**Data shown:**
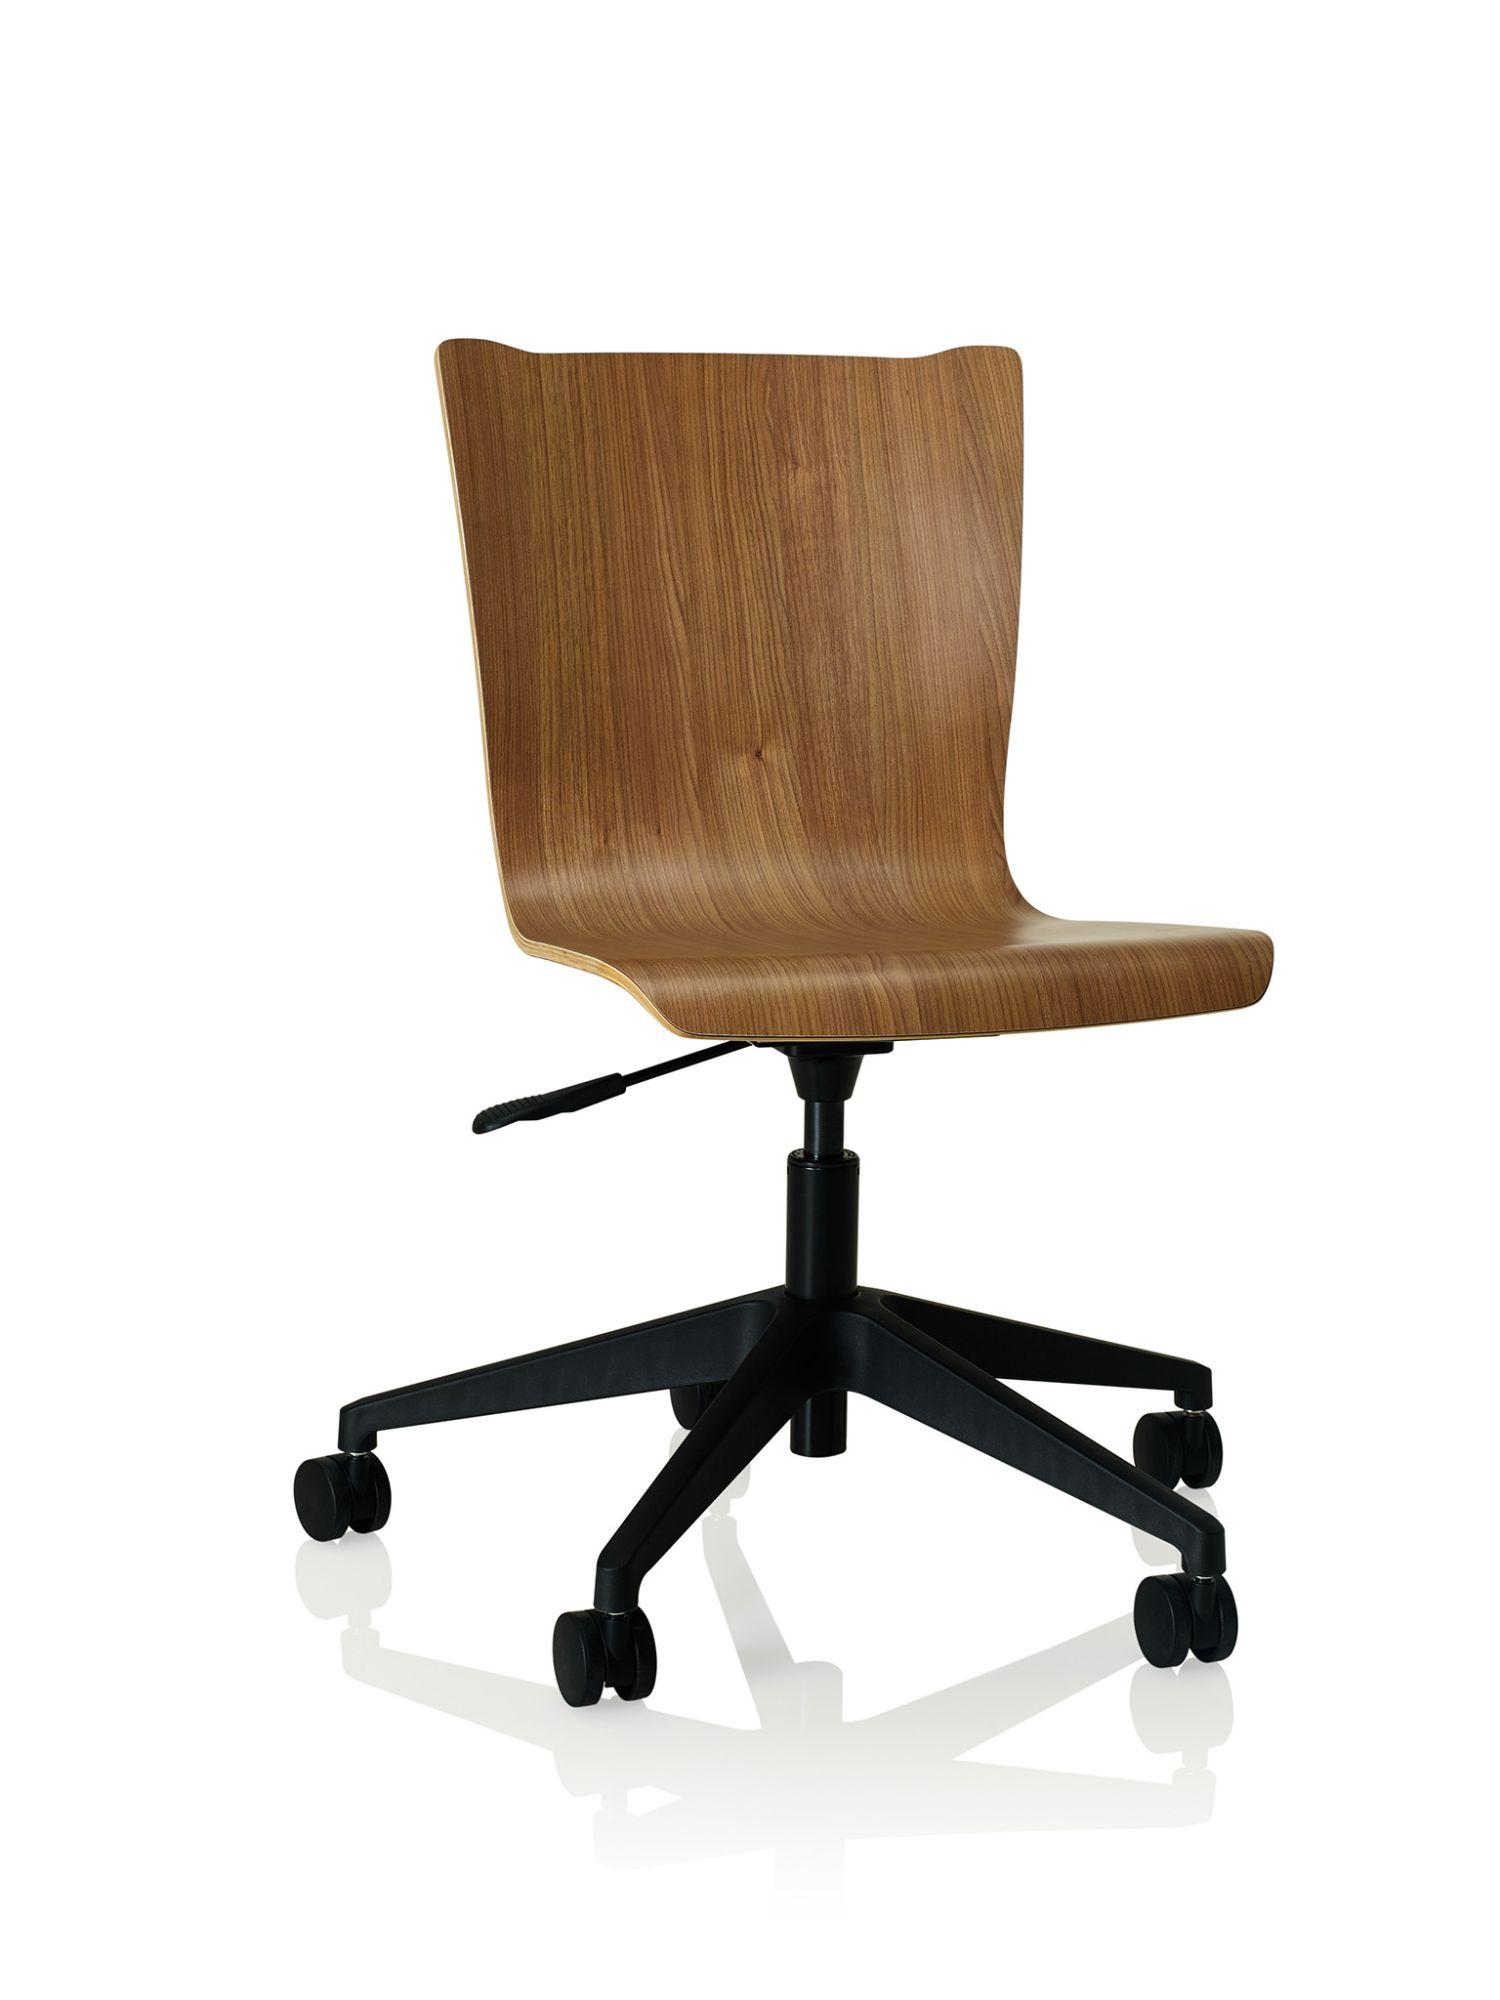 river cherry apply laminate task chair
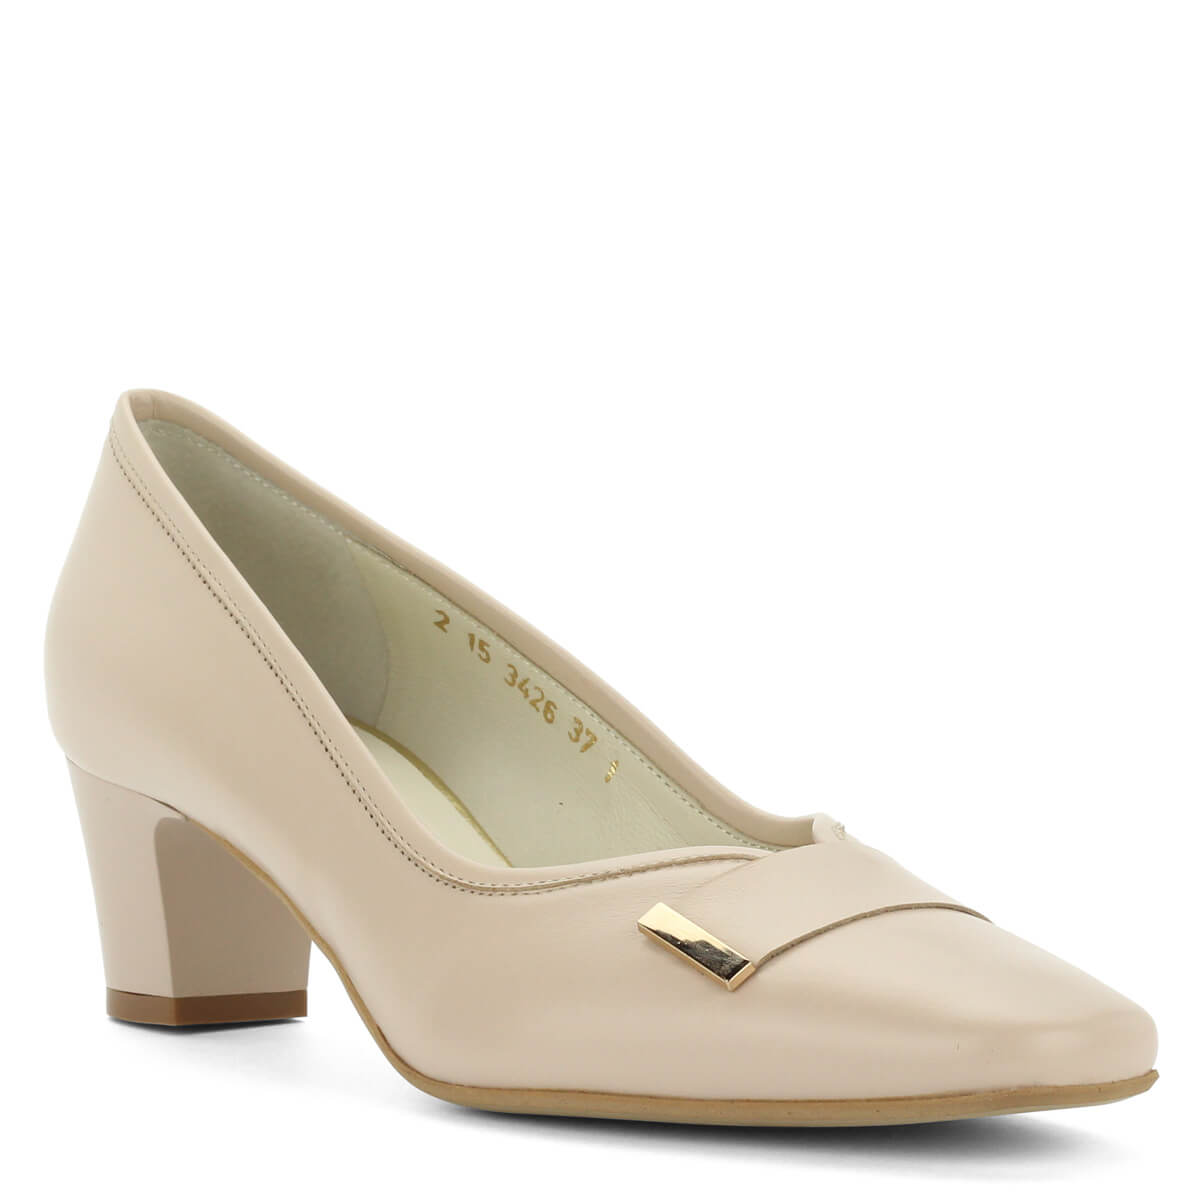 Kis sarkú bézs Anis bőr cipő. Kívül-belül bőr 73ac5ac931
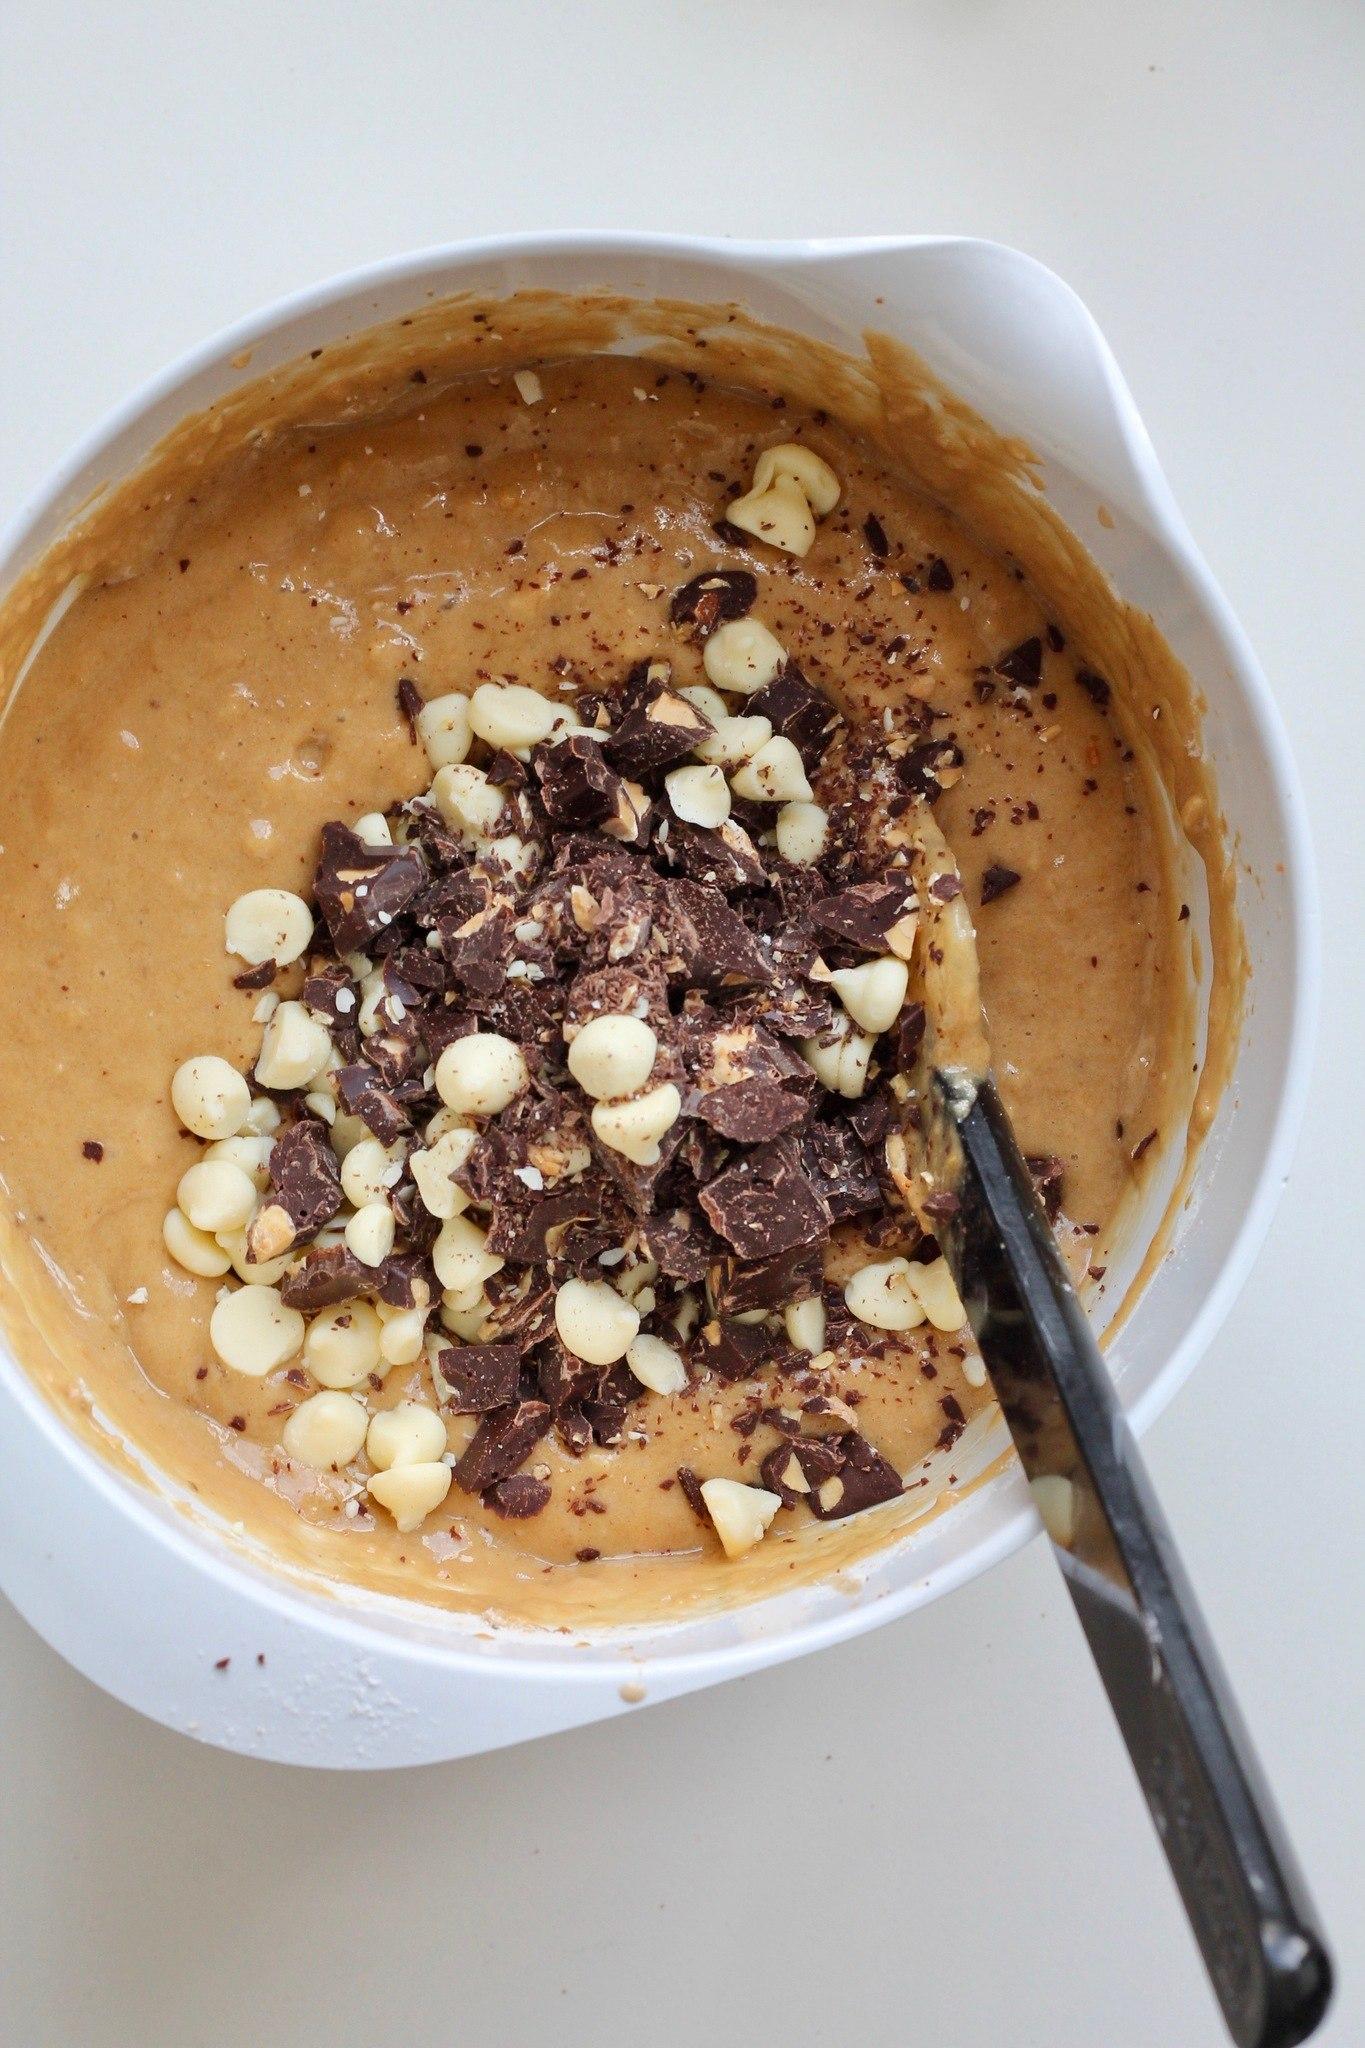 Bananbrød med peanutbutter og chokolade

**Task:** What belongs in the answer is each line above, reproduced exactly, and no picture.

**Result of this exercise:**
 river cherry apply laminate task chair
 Kis sarkú bézs Anis bőr cipő. Kívül-belül bőr 73ac5ac931
 Bananbrød med peanutbutter og chokolade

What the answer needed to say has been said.